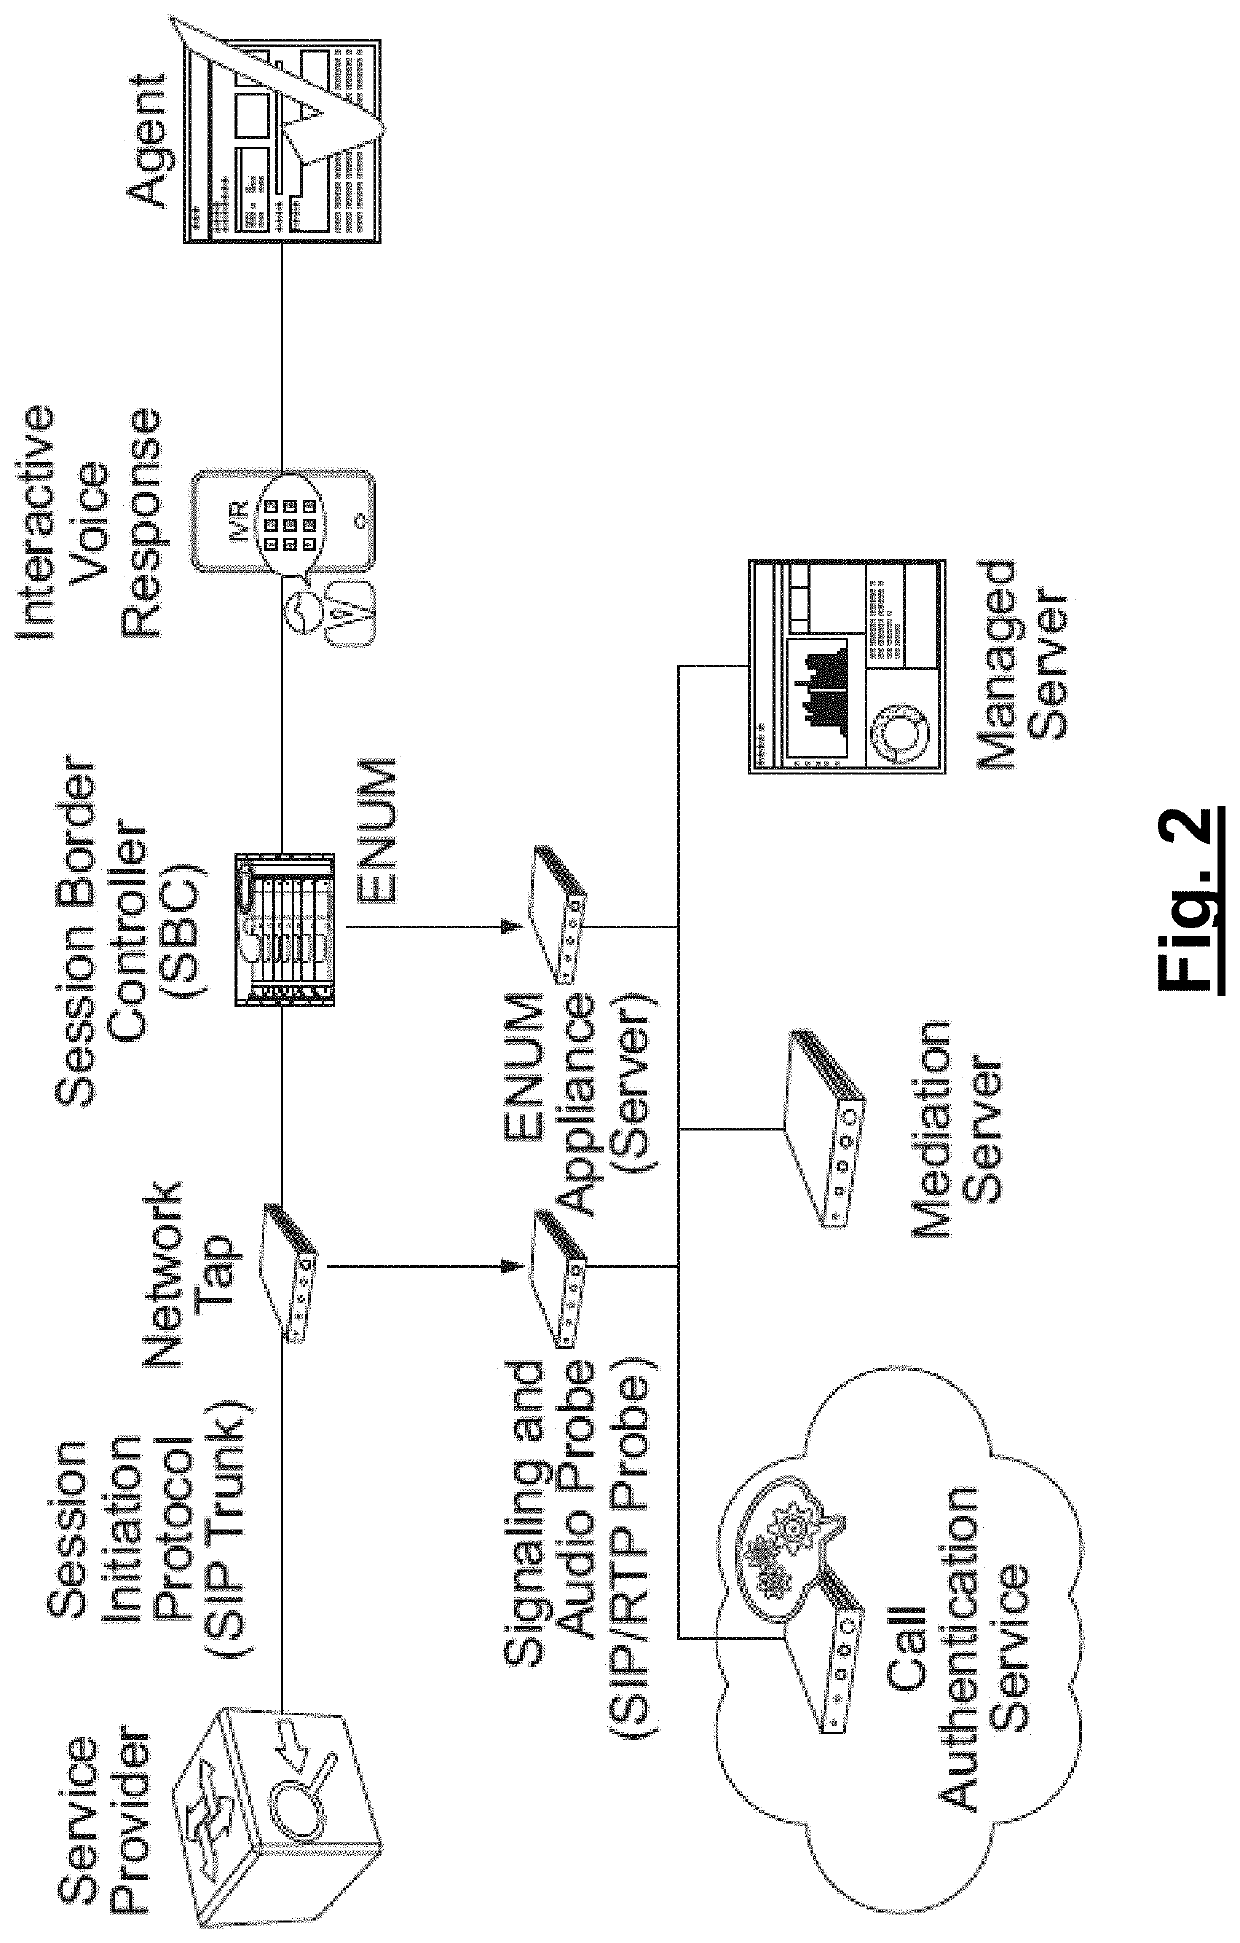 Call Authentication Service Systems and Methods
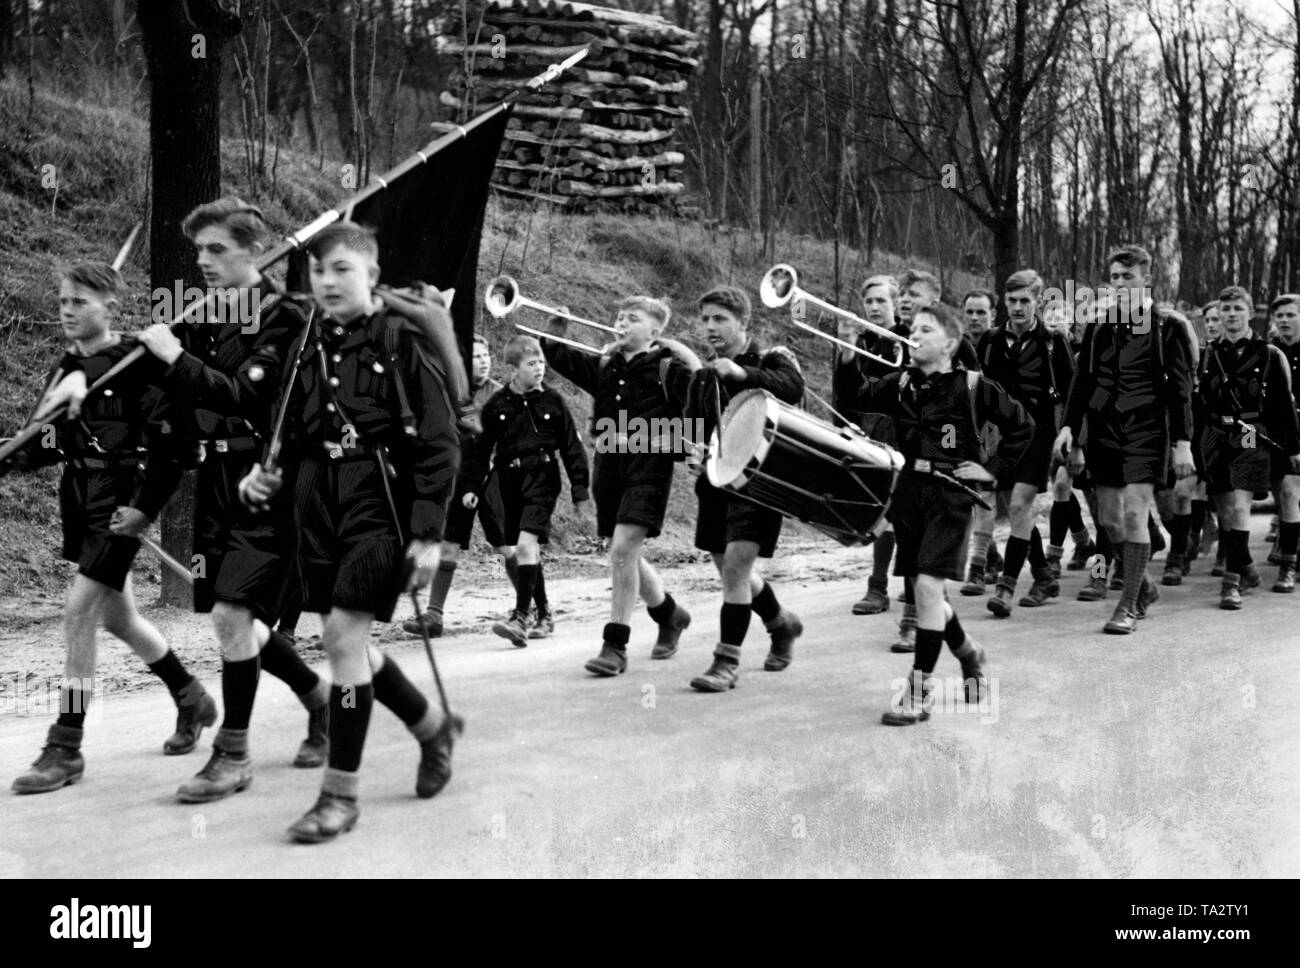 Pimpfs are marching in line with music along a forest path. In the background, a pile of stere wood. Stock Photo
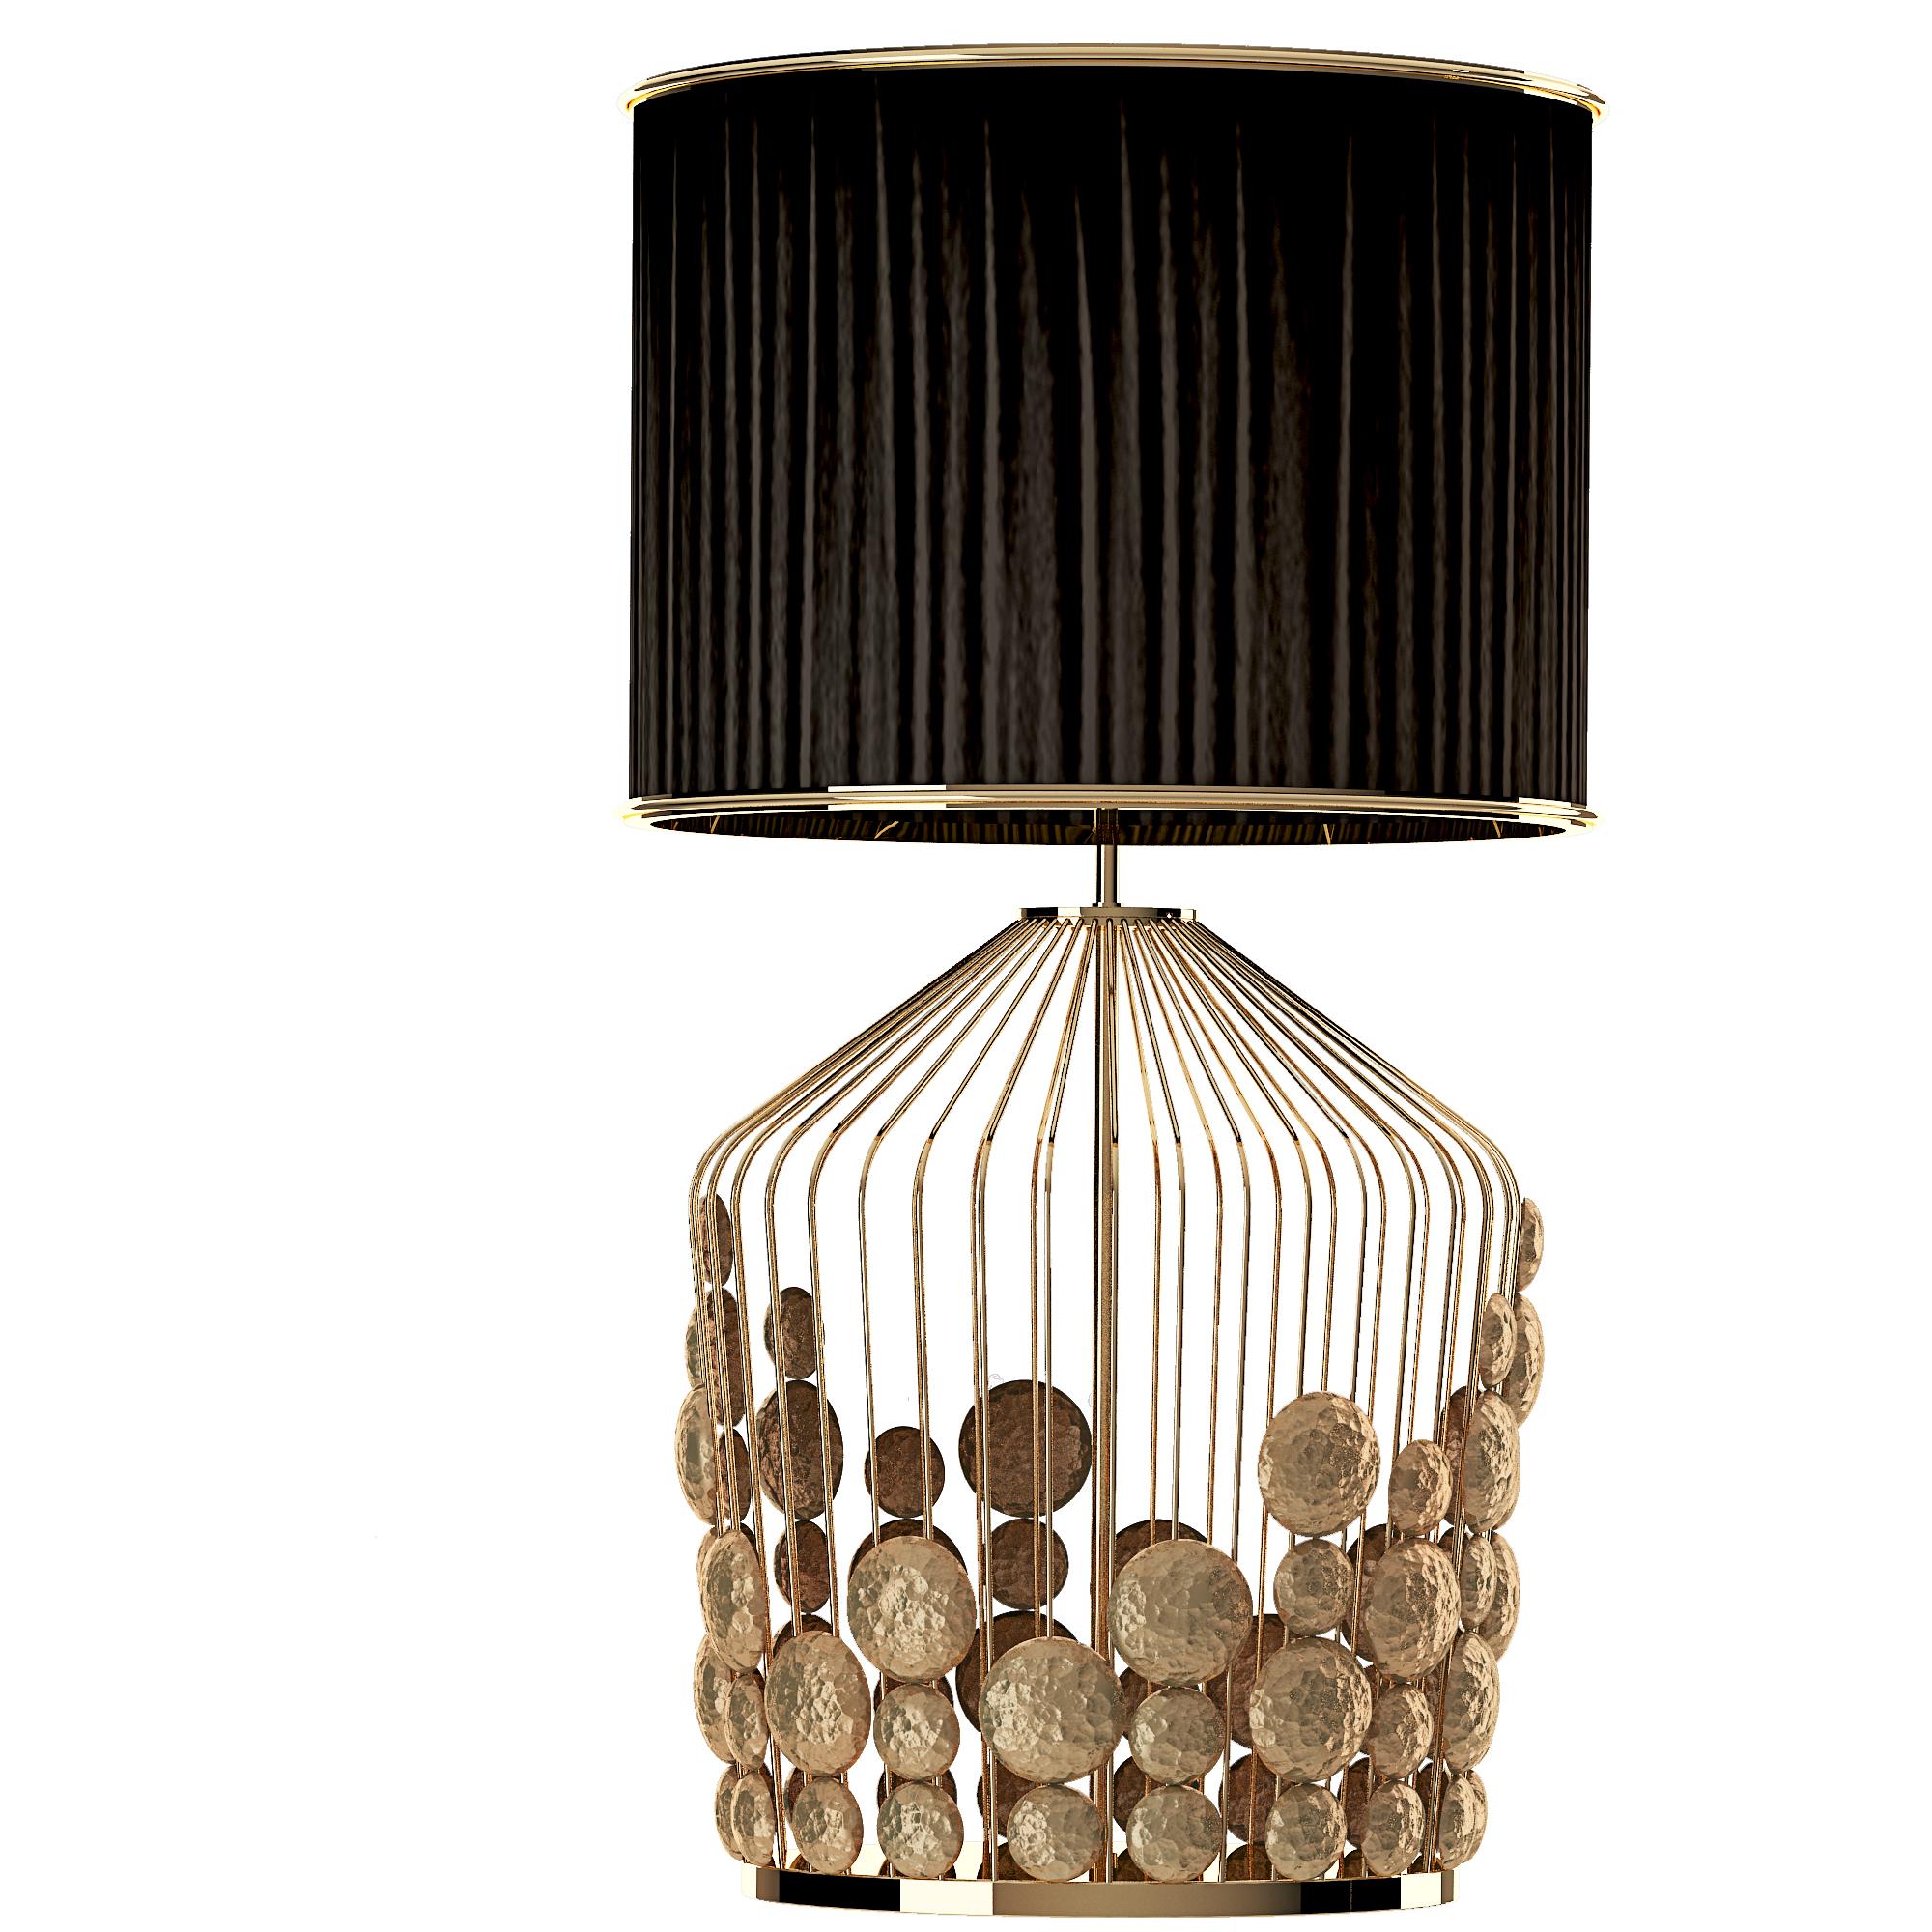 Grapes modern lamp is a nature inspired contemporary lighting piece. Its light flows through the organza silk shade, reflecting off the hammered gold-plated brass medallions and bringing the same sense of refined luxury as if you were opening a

________________________

**WHAT YOU WILL DO:**
Output, word for word, the full listing above, with no pictures.

**OUTPUT OF THE EXERCISE:**
 Call Authentication Service Systems and Methods
 Pimpfs are marching in line with music along a forest path. In the background, a pile of stere wood. Stock Photo
 Grapes modern lamp is a nature inspired contemporary lighting piece. Its light flows through the organza silk shade, reflecting off the hammered gold-plated brass medallions and bringing the same sense of refined luxury as if you were opening a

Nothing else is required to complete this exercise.